I frequent a German forum very often. There, a guy who has a professional weatherstation from the Deutsche Wetterdienst also has an Oregon Scientific. He also notes that there are virtually no differences.

Besides: all test shows that the transmission is very, very reliable. This is also noted on many fora by many users.

You can buy a large gauge in some hobbyshops (20 cm diameter, tomake it 0.25 mm precise ( Ithink).

I will buy this one and test it. I think, if it lives up to Oregon Scientifics standard of accuracy it is a very tough competitor of Davis. And I think Davis is oke, but some competition is needed.

Links to WMR 200 sites (In French):

- http://www.baroland.com/p1106.html?product=OS-WMR200

Press "manuel" at the bottom of the page to get a handbook (pdf). 11 pages with information


Boa noite,

Jorge


----------



## Fil (25 Set 2007 às 21:06)

*Re: Novo Oregon Scientific: WMR-200 com datalogger (medir cada minuto 29 dias!)*

Comparativamente à estação que eu tenho (WMR968), a essa só lhe queria o logger. De resto fico com a que tenho, que dá mais liberdade para colocar os sensores. A precisão continua uma porcaria, a humidade só vai até 98%, a precipitação e a pressão é mostrada à unidade, enfim...
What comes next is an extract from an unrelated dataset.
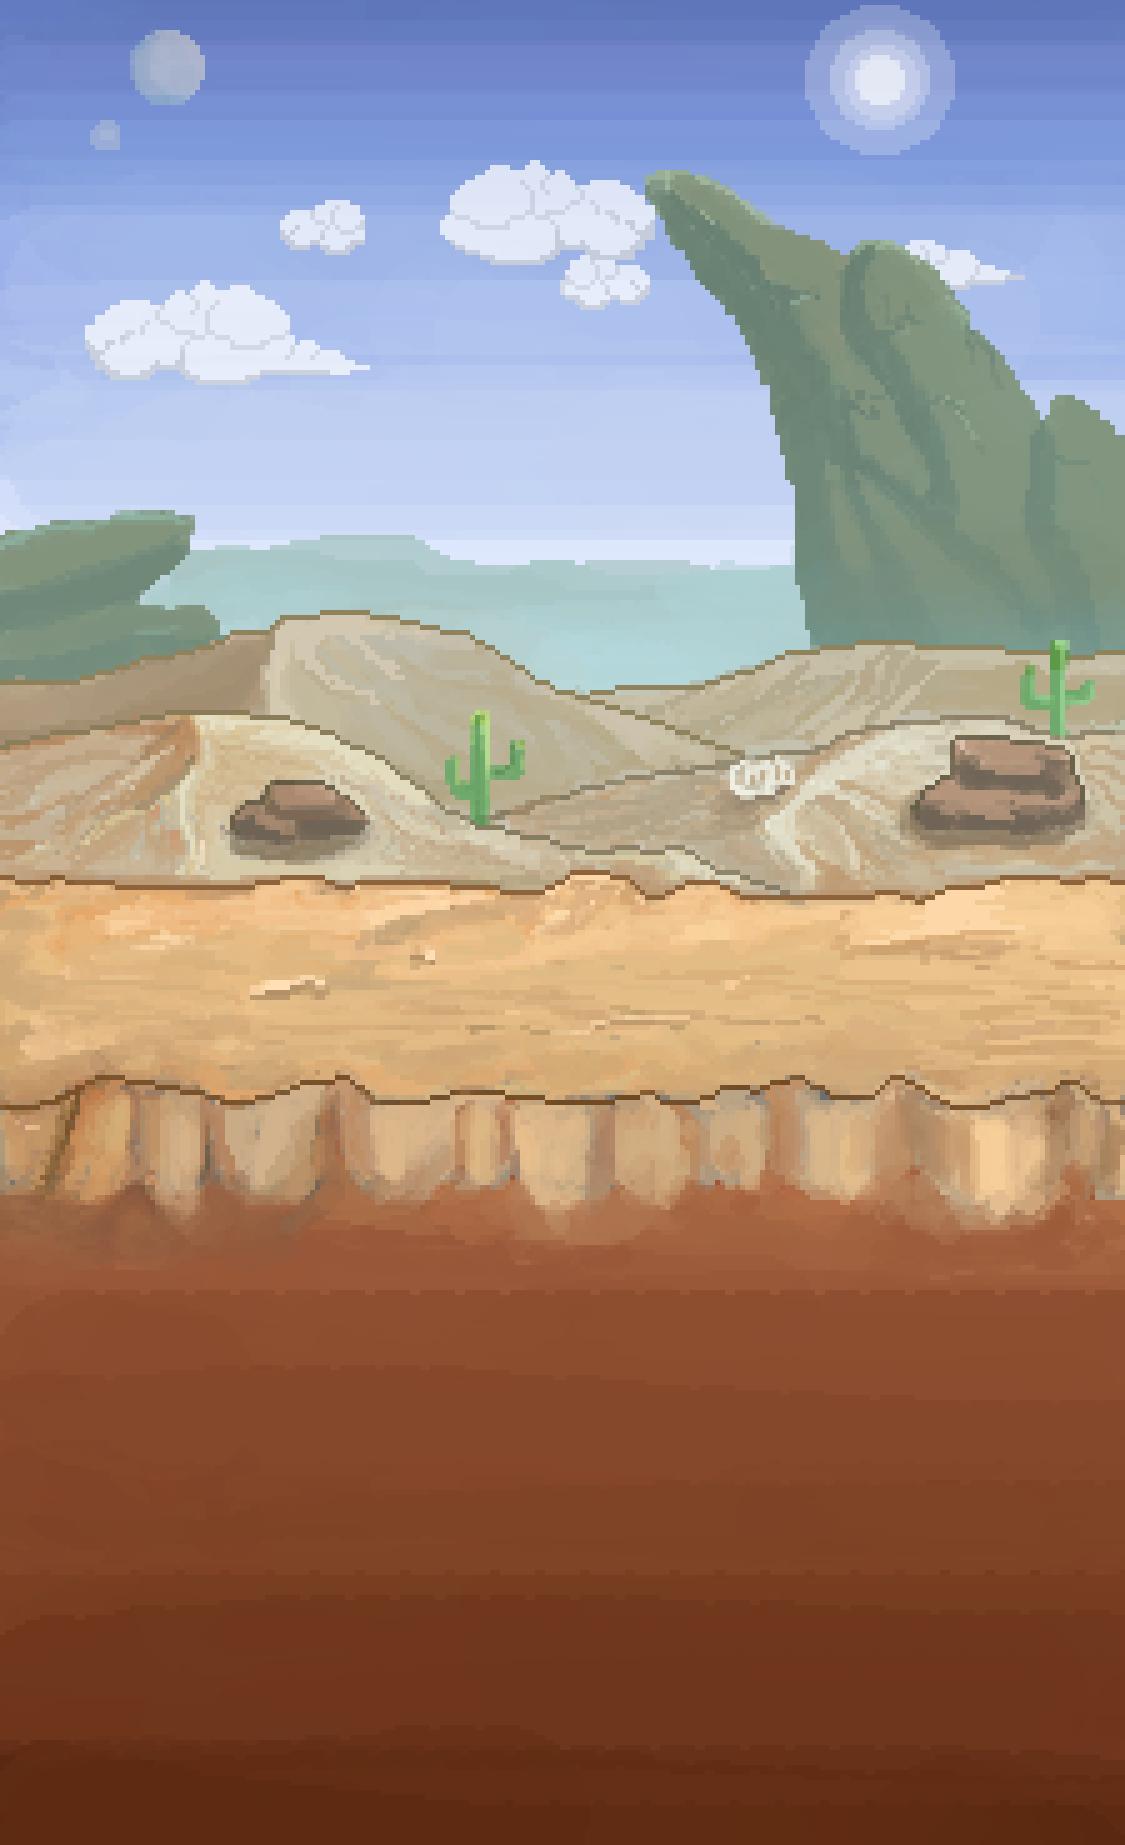 2D Game Backround Art

A Oregon já lançava era um datalogger por separado como acessório para as suas estações...


----------



## J.S. (25 Set 2007 às 21:23)

*Re: Novo Oregon Scientific: WMR-200 com datalogger (medir cada minuto 29 dias!)*



Fil disse:


> Comparativamente à estação que eu tenho (WMR968), a essa só lhe queria o logger. De resto fico com a que tenho, que dá mais liberdade para colocar os sensores. A precisão continua uma porcaria, a humidade só vai até 98%, a precipitação e a pressão é mostrada à unidade, enfim...
> 
> A Oregon já lançava era um datalogger por separado como acessório para as suas estações...
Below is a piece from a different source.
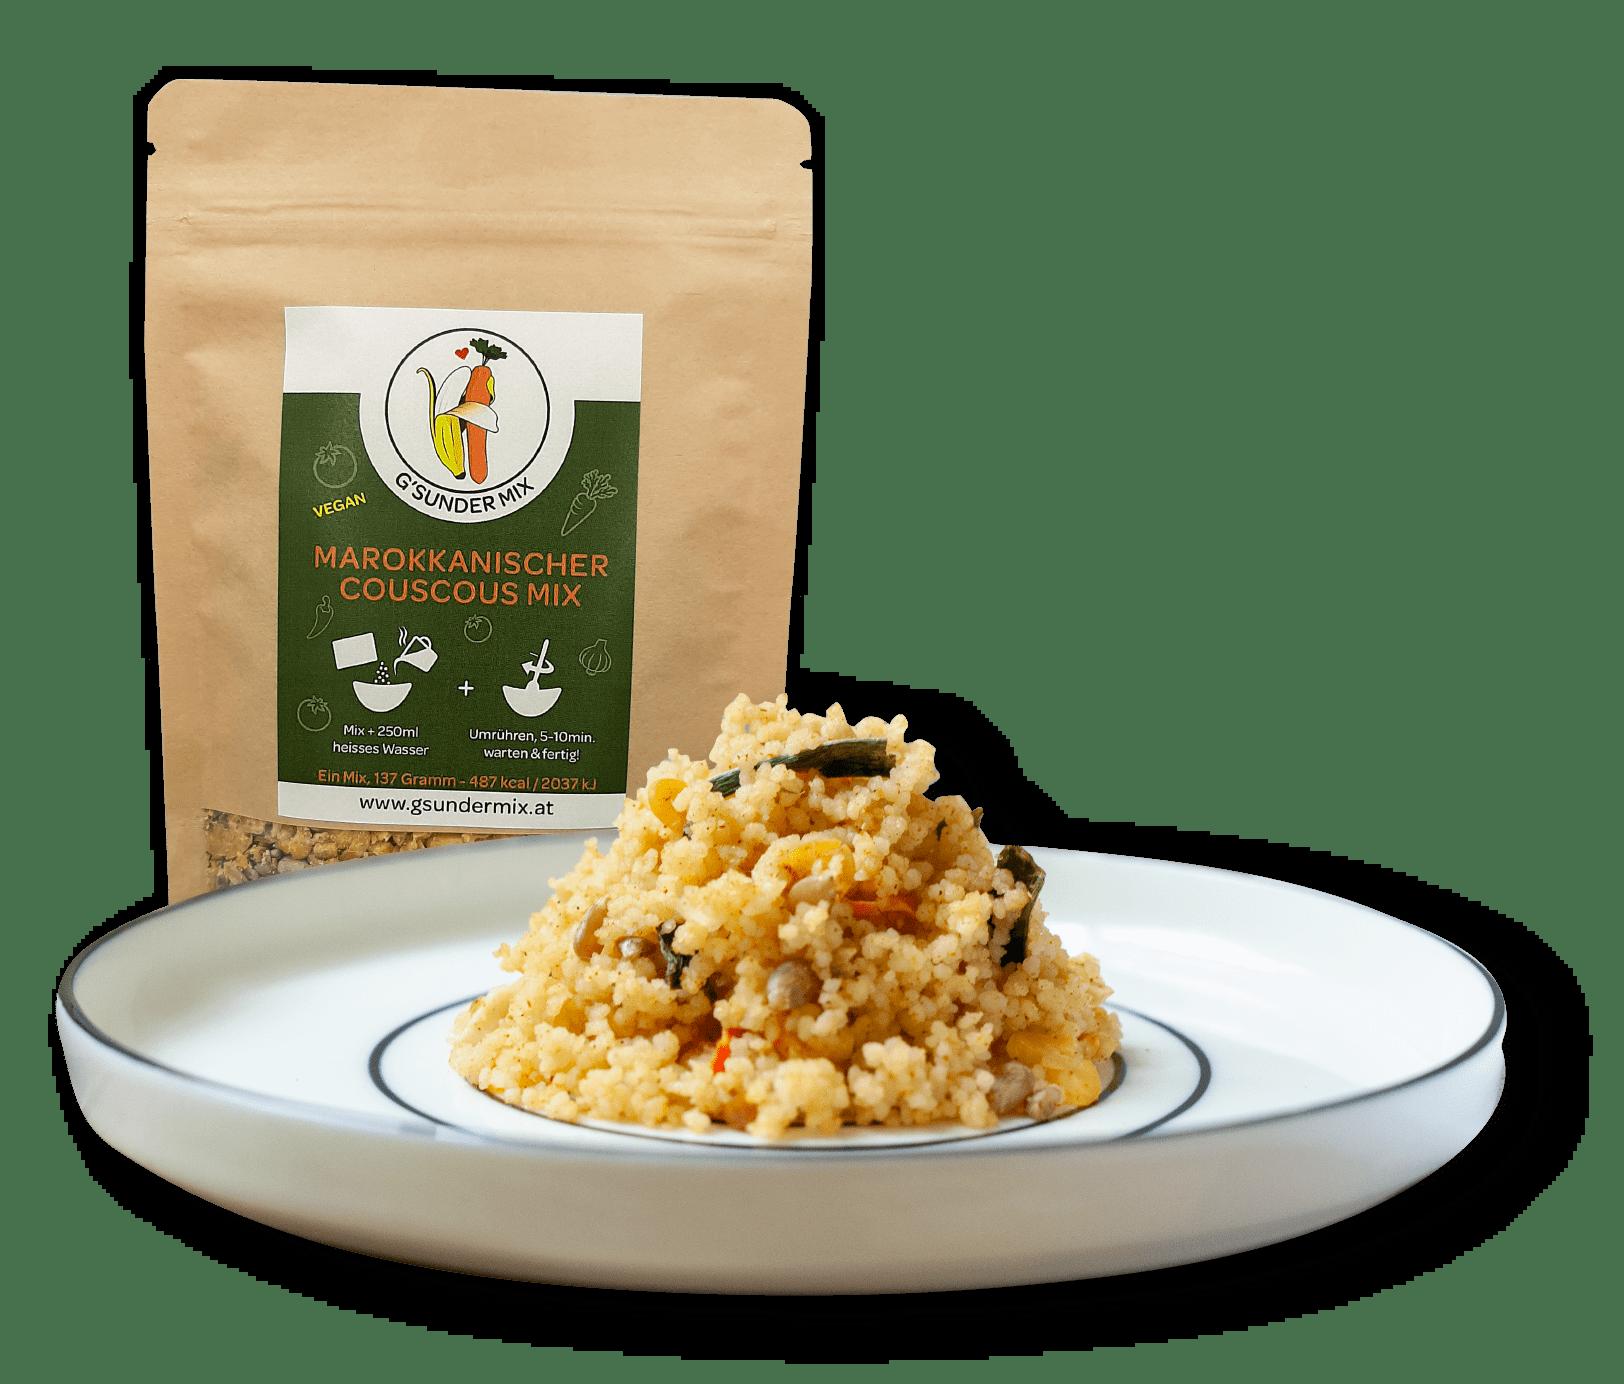 Marrokanischer Couscous Mix auf Teller mit Verpackung dahinter

Look Fil: what is the use of measuring in 0,1 hPa or 0,1 % humidity when the deviation is 1-3 HPA or 5% in the case of humidity??? That is nonsense. I have three Davis weahterstations: two Weatherwizards 3 and one Weathermonitor 2. Well, I was not that happy with this "fantastic" raingauge of them....A heavy dwonpour (30 mm in 30 minutes) and you lose 5-10 mm easily, because the tipping mechanism cannot keep up with those downpours! With the Oregon, you will loose millimeters when it comes to small amounts, but you won't loose them when it really rains because it can keep up with it...You can make the gauge more precise by adding a funnel of a double area (0,5mm) or a quadriple area (0.25mm). But then you will have the same problem like Davis has.
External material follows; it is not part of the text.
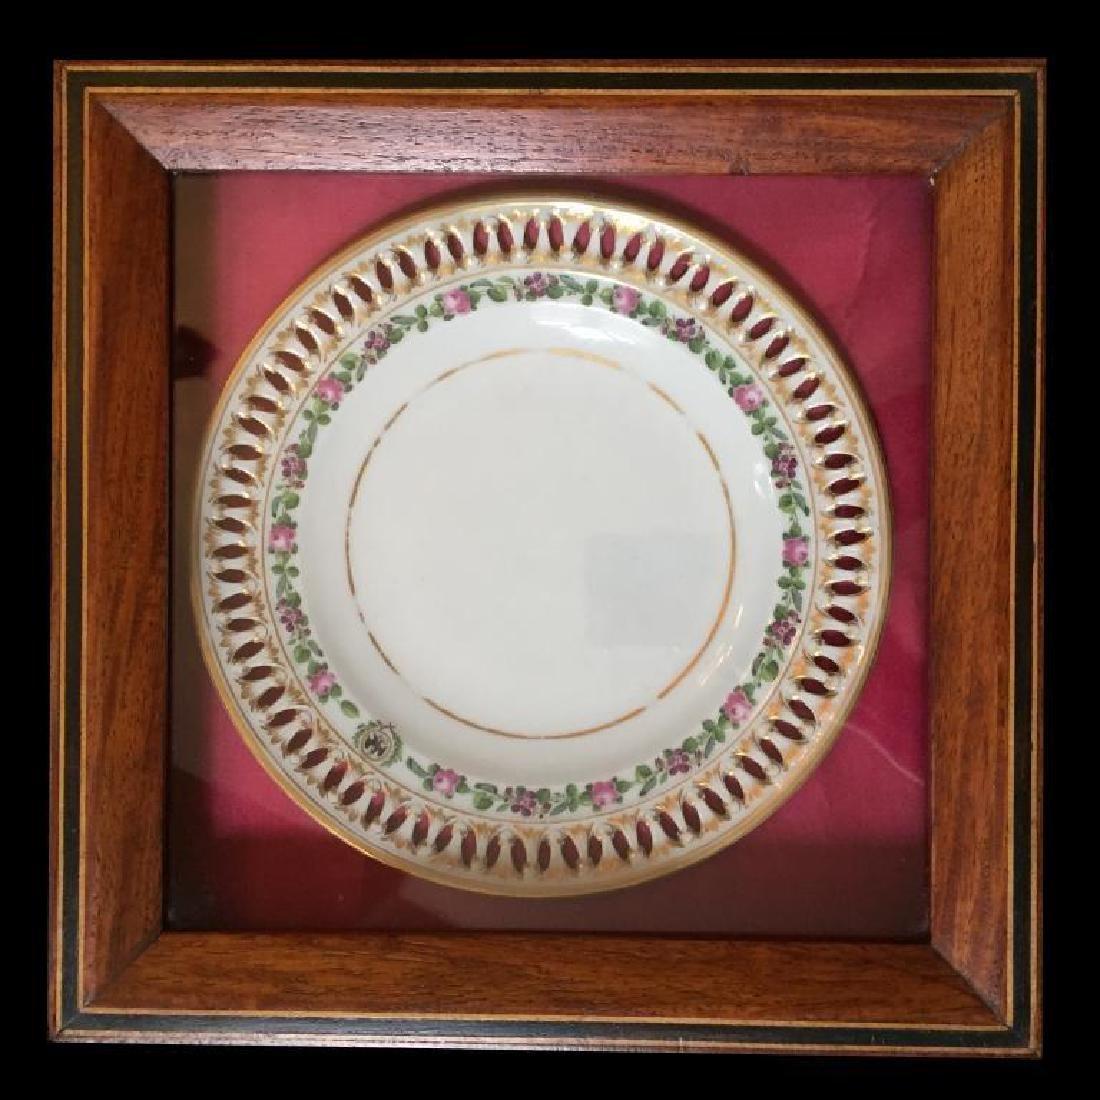 19thc German Meissen Museum Cased Plate - 4

And the accuracy of those Davis stations compared with the datalogger is 0,5 to 0,6 K difference in the same radiationshield...This happened when I measured my new record of 35,9 C last year (Davis: 35,3 C!). I was lucky to have the datalogger...

Besides: all humidity sensors become less and less inmeasuring humidity. All of them, Davis included, tend to loose 1-2-3-4-5 % over the years etc. So if you measure 98 % after two years, you are in fact doing very well! I have seen Davis Vantage Pro stations not reaching 93% after 4 years...

Oregon never had a datalogger for their stations; they said they would (wireless, I saw them for 139 dollars but only pictures) but they never did sell one....Skyview did make these loggers, but this is a costly thing: 269 euro's...

Besides: an UV sensor is nice.

If you want to buy a station that is accurate in all aspects, you can buy a Vaisala for 4000 euro's.....

Cumprimentos,

Jorge


----------